WHAT THE EXERCISE ASKS: Drop the images. Copy every line below character for character.

PROVIDED DATA:
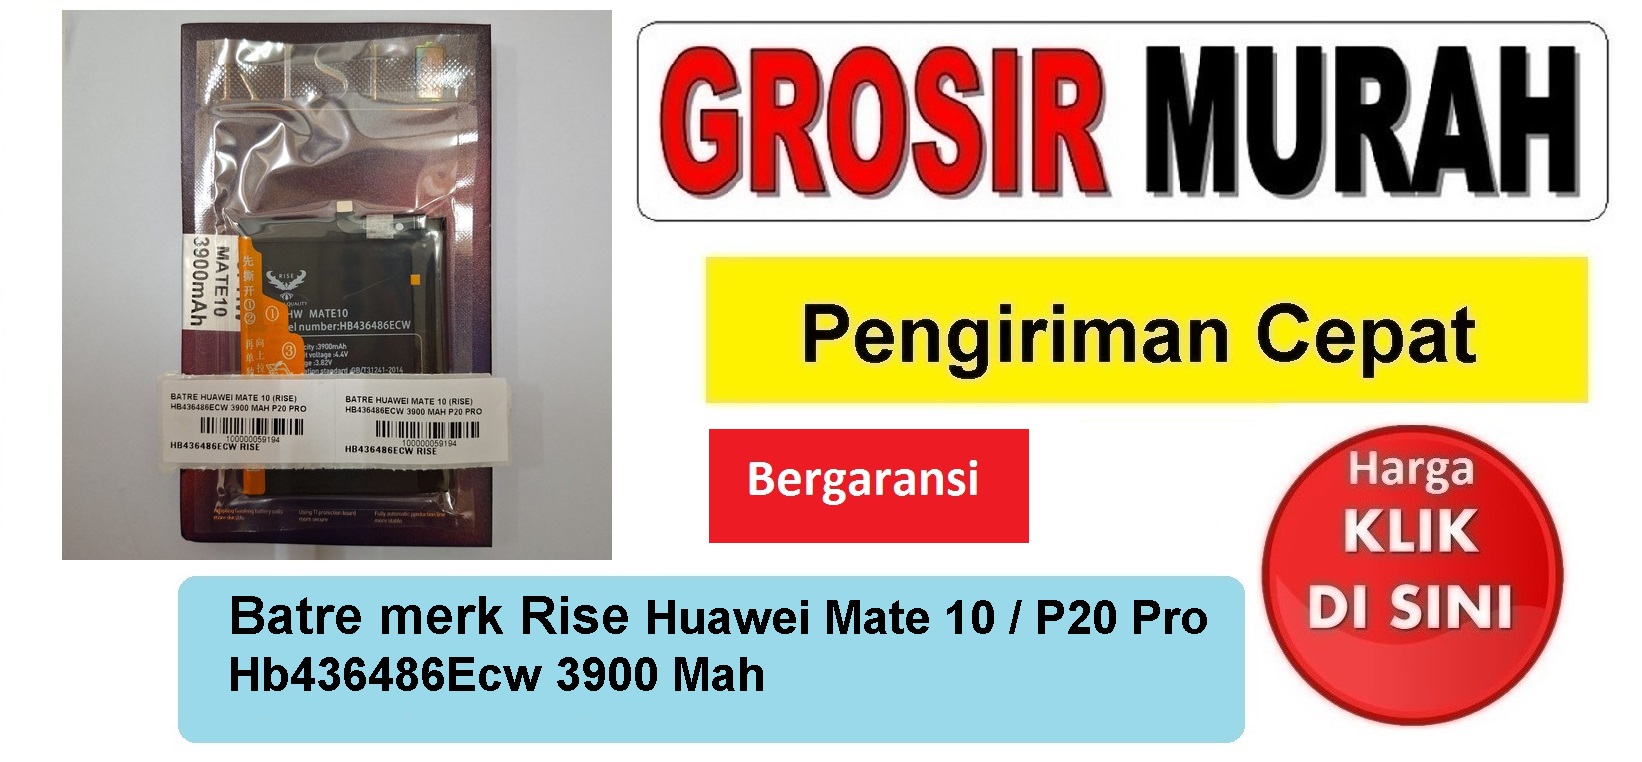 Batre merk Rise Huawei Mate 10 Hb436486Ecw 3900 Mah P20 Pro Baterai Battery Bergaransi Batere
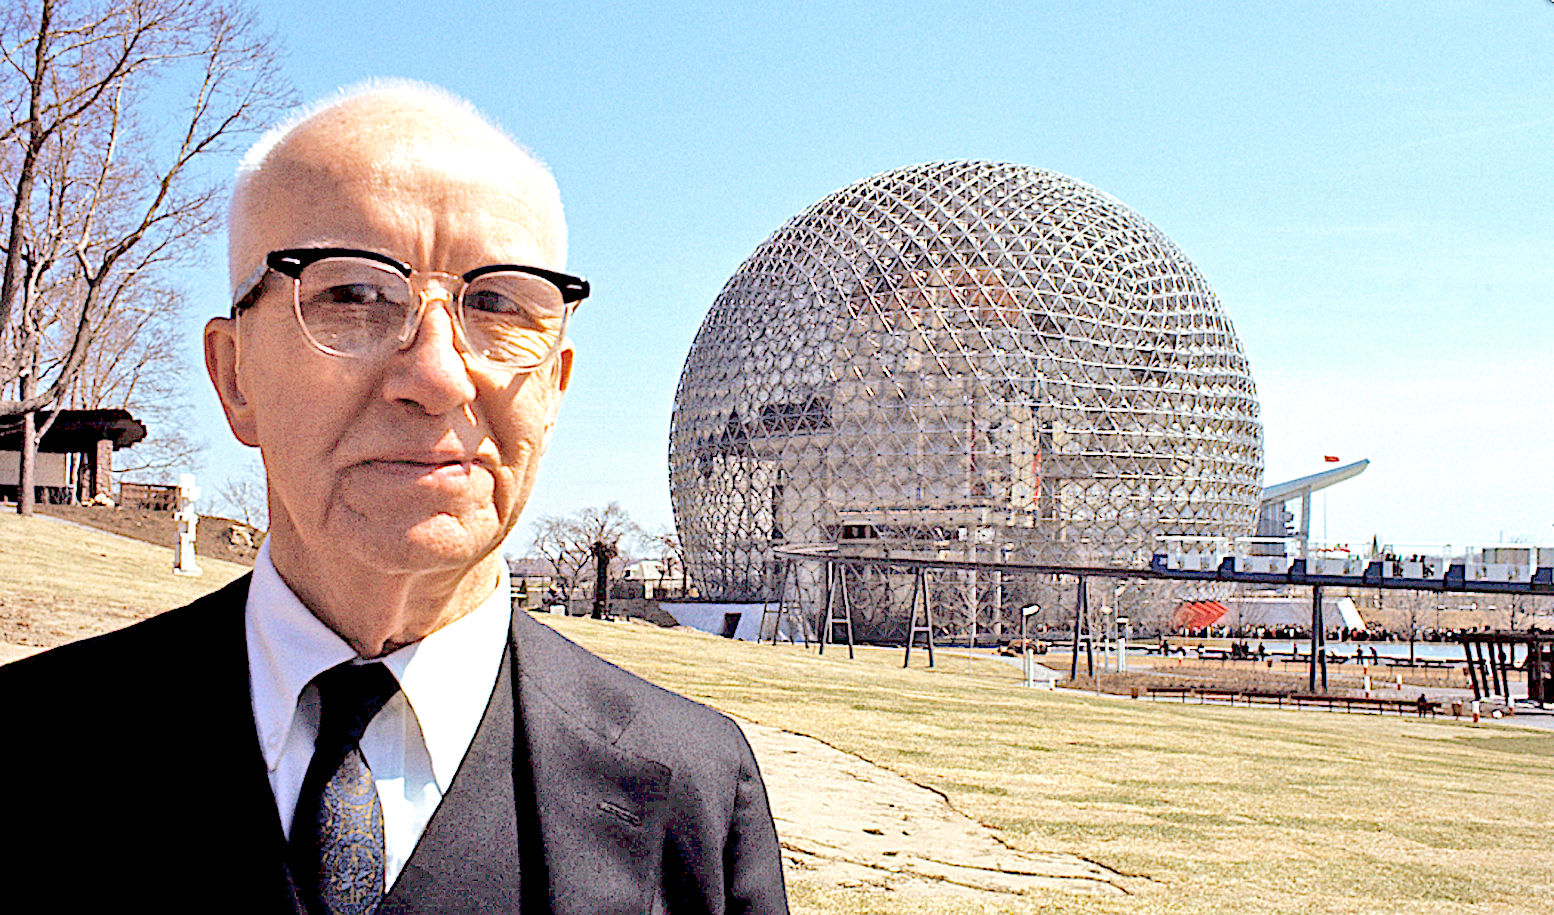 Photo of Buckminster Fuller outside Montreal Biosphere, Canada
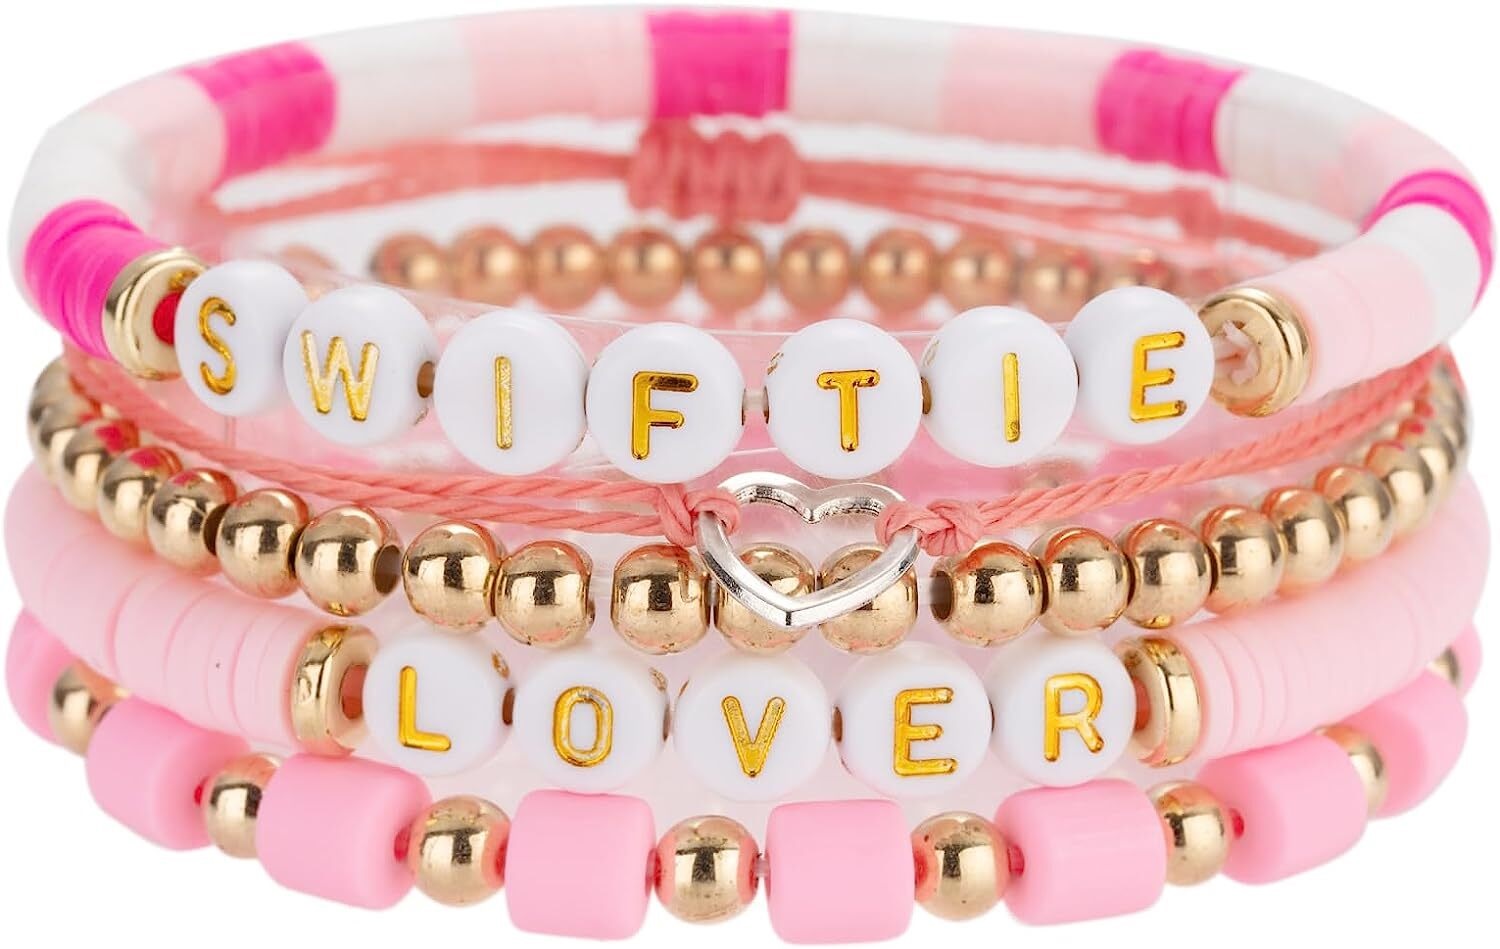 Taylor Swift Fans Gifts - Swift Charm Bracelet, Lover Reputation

OUTPUT BELOW:
 Batre merk Rise Huawei Mate 10 Hb436486Ecw 3900 Mah P20 Pro Baterai Battery Bergaransi Batere
 Photo of Buckminster Fuller outside Montreal Biosphere, Canada
 Taylor Swift Fans Gifts - Swift Charm Bracelet, Lover Reputation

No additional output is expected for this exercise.